When it comes to building a deep learning system, the first thing is to understand the project in hand before getting too deep into the techniques. I would like to ask myself the following questions at the very beginning:

Do I really need neural network to solve this problem?

Neural Network is a very powerful tool to solve complex problem, but it also requires fair amount of data, resources, time and efforts. Additionally, expertise is required to open the black-box, understand and explain what’s going on inside. If other machine learning techniques can easily solve the problem, then those approaches are definitely preferred over neural network, because they tend to be more straightforward, and require less resources.
Once I decide to go with neural network, which classes/types of neural network should I use?

Different classes and types of neural networks serve different purposes. For example, Convolutional Neural Network is commonly applied to analyse visual image data (data with hierarchical pattern), while Recurrent Neural Networks (RNN) is more suitable for sequential data with its internal state (memory).

If Convolutional Neural Network is preferred, then the understanding goes deeper to which types of CNNs are the right approach. For instance, object categorisation requires classification neural network, whereas object detection requires Region Proposal or similar neural networks.
Once I decide on the overall techniques, I would see if the problem can be solved with one end-to-end deep learning neural network, or do I need to break it down into multiple stages with different neural networks at each?

As mentioned in the online course, this depends on the complexity of the problem itself and the amount of data available to train the network. Not all problems can be easily translated as “mapping x to y (x -> y)”, and some of them may have to be x -> u -> v -> w -> y.

Take my previous project of kangaroo detection/recognition as an example.
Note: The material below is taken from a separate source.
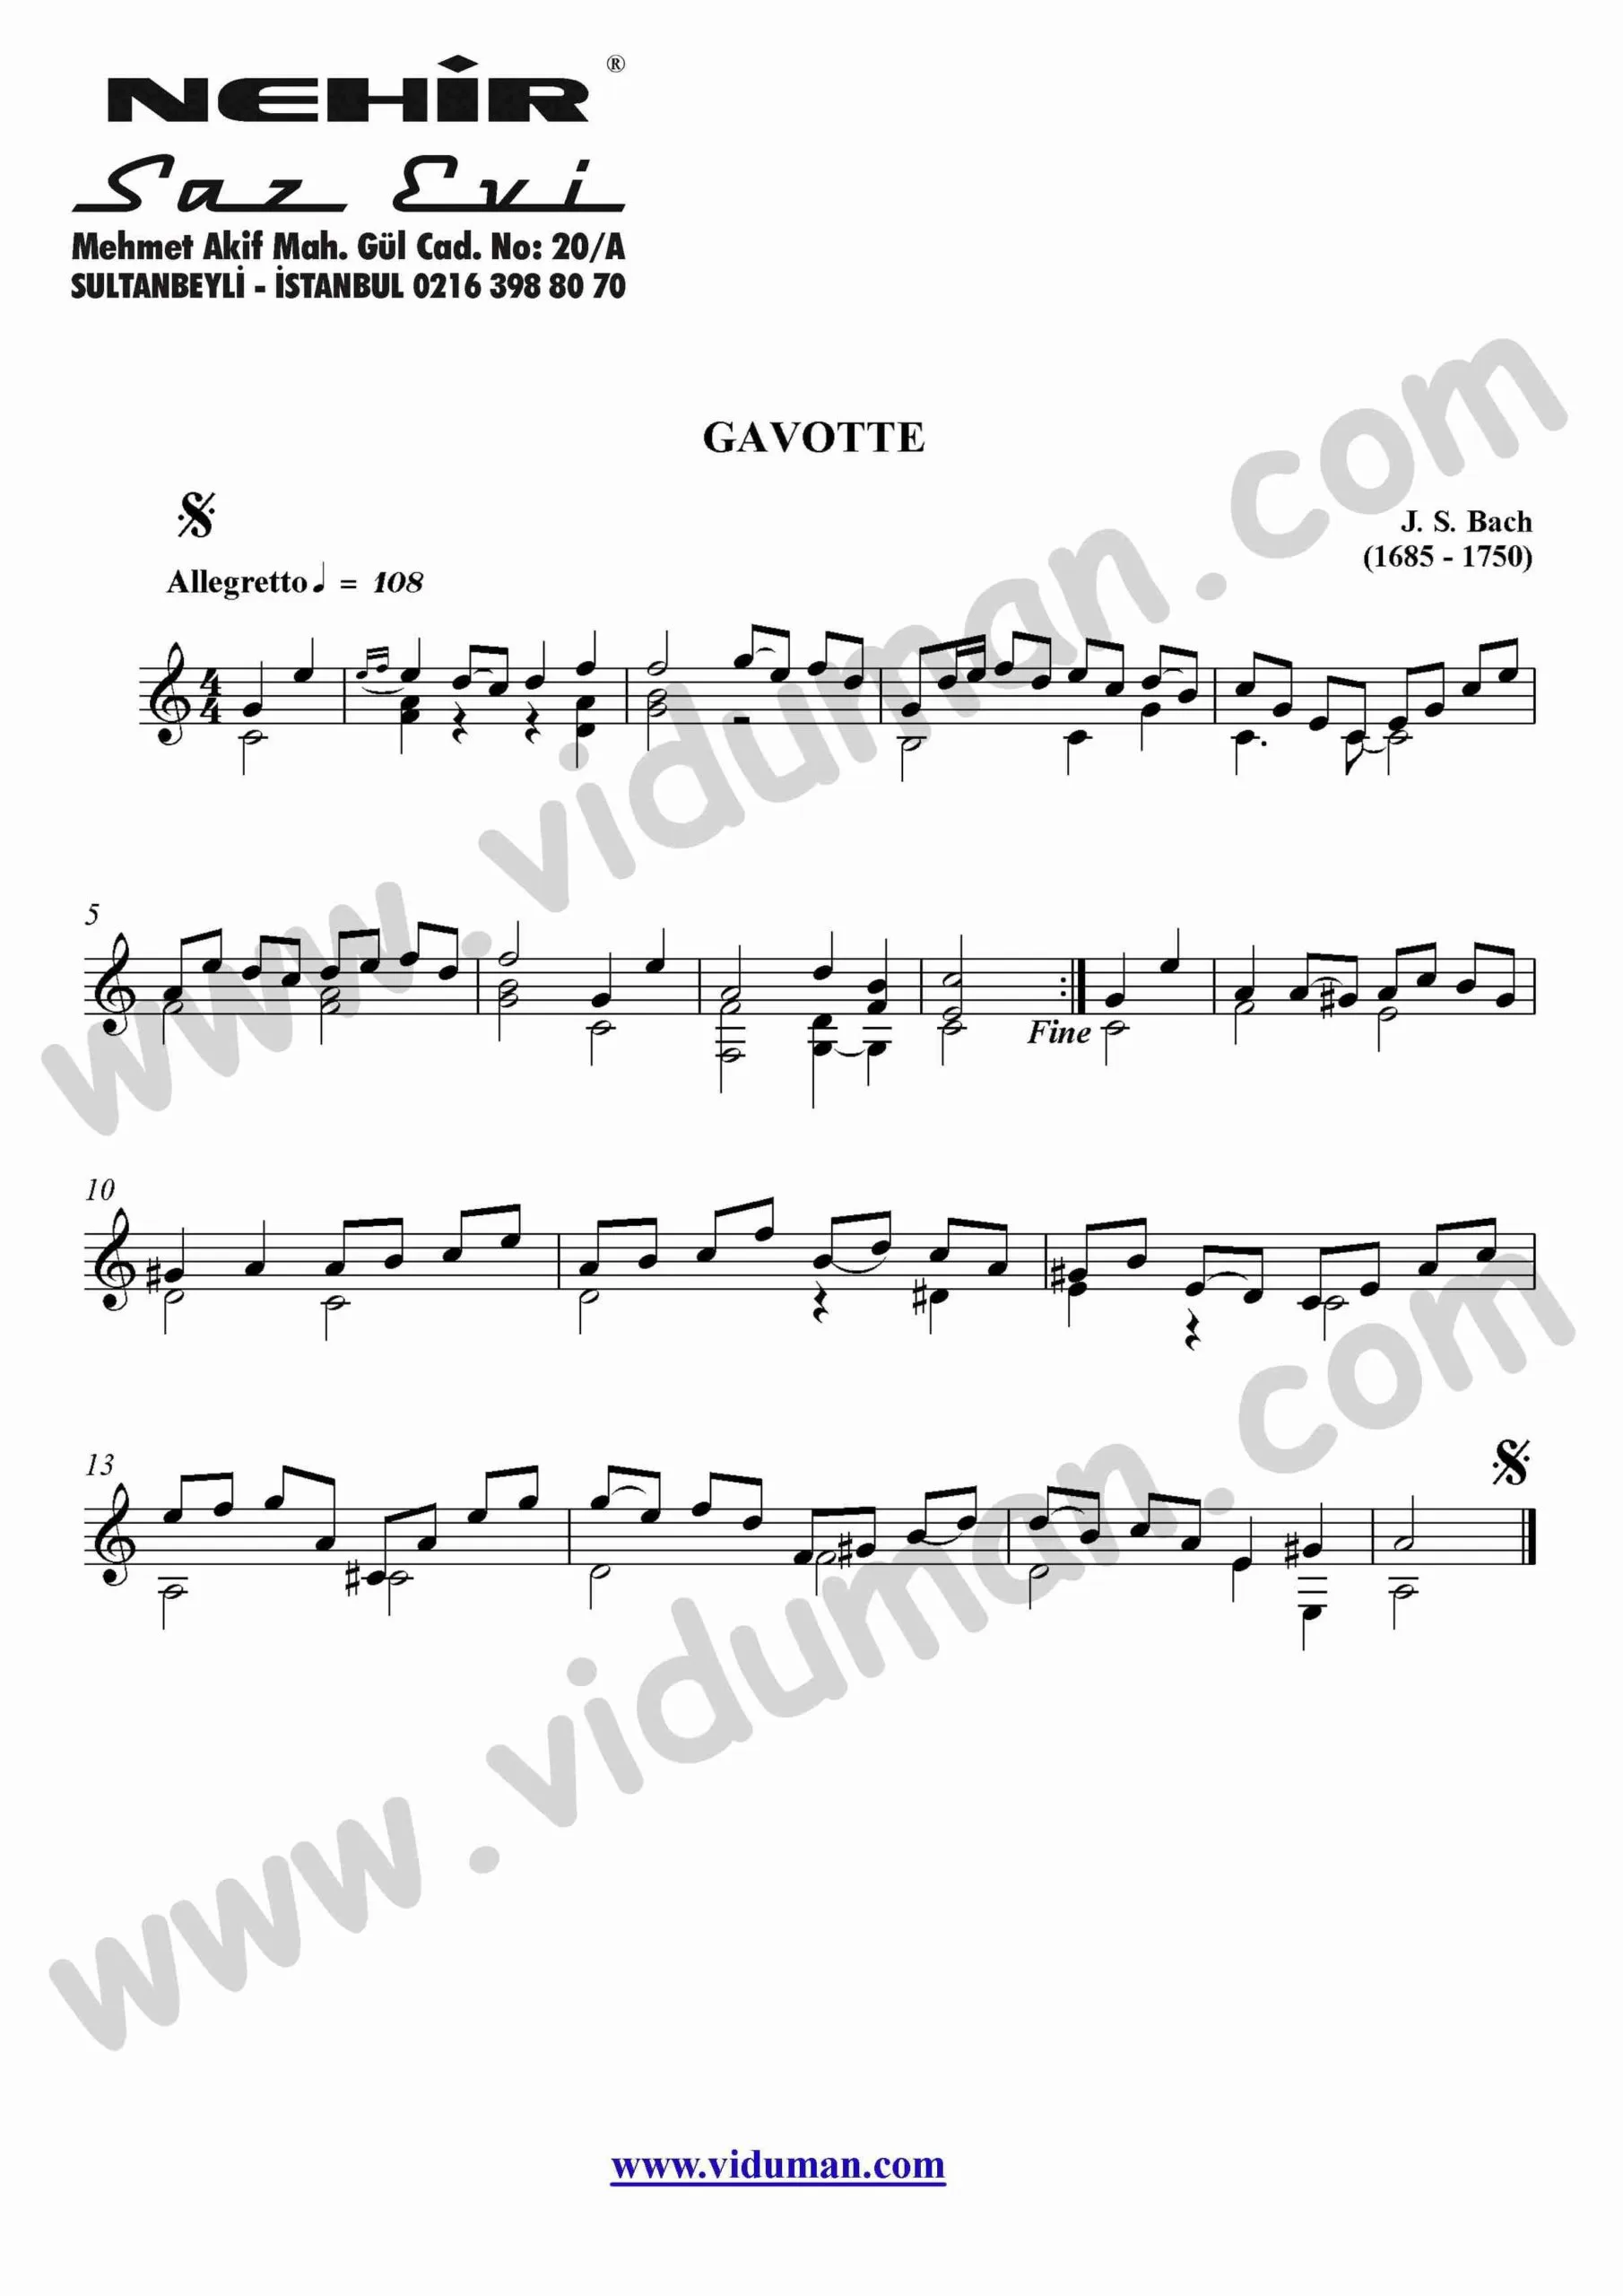 43- Gavotte (J. S. Bach)

An end-to-end deep learning system is the right approach when I just need to detect and classify kangaroos from images of a certain environment. Because a deep learning network is sufficient to handle tasks of object detection and classification. Also, there are plenty of kangaroo images on the Internet available for training such a network.

However, if I want to not only detect the kangaroos in the images, but also recognise their activities, such as moving left or right, and grazing or not, the problem becomes more complicated. It requires much more information for the neural network to analyse and learn than just kangaroo detection/classification. On the other hand, there might not be that easy to collect a large amount of labelled data for each activity.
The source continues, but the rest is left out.